Exercise requirements -
Your output should be the entries below, from the first line up to and including the line with "Laptop ekraninda siyahlik sorunu", reproduced exactly and with no other lines.

Records drawn from a dataset
+ + + + + + +

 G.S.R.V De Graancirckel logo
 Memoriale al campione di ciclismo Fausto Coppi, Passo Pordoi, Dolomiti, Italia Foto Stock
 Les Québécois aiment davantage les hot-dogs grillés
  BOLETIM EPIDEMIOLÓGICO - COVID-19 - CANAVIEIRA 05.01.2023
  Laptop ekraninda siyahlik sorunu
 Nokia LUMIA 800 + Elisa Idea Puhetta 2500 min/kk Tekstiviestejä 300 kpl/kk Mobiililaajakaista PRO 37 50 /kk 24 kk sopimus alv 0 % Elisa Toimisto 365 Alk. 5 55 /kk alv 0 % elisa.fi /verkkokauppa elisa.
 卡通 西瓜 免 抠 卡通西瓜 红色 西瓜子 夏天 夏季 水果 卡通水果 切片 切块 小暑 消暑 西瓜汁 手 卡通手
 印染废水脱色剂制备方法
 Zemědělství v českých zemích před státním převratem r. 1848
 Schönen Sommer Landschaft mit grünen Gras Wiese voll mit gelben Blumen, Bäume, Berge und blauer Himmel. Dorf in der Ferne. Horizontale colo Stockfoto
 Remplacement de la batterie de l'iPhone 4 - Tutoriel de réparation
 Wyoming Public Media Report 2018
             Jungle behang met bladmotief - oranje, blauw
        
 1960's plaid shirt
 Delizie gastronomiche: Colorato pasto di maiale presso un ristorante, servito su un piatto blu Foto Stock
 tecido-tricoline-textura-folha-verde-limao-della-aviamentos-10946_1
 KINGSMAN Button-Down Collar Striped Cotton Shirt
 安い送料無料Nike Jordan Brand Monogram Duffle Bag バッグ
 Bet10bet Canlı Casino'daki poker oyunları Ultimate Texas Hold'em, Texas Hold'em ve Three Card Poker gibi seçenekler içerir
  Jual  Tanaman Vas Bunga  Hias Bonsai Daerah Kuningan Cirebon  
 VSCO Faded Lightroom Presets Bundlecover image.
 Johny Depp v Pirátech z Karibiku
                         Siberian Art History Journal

+ + + + + + +

Answer space -
 G.S.R.V De Graancirckel logo
 Memoriale al campione di ciclismo Fausto Coppi, Passo Pordoi, Dolomiti, Italia Foto Stock
 Les Québécois aiment davantage les hot-dogs grillés
  BOLETIM EPIDEMIOLÓGICO - COVID-19 - CANAVIEIRA 05.01.2023
  Laptop ekraninda siyahlik sorunu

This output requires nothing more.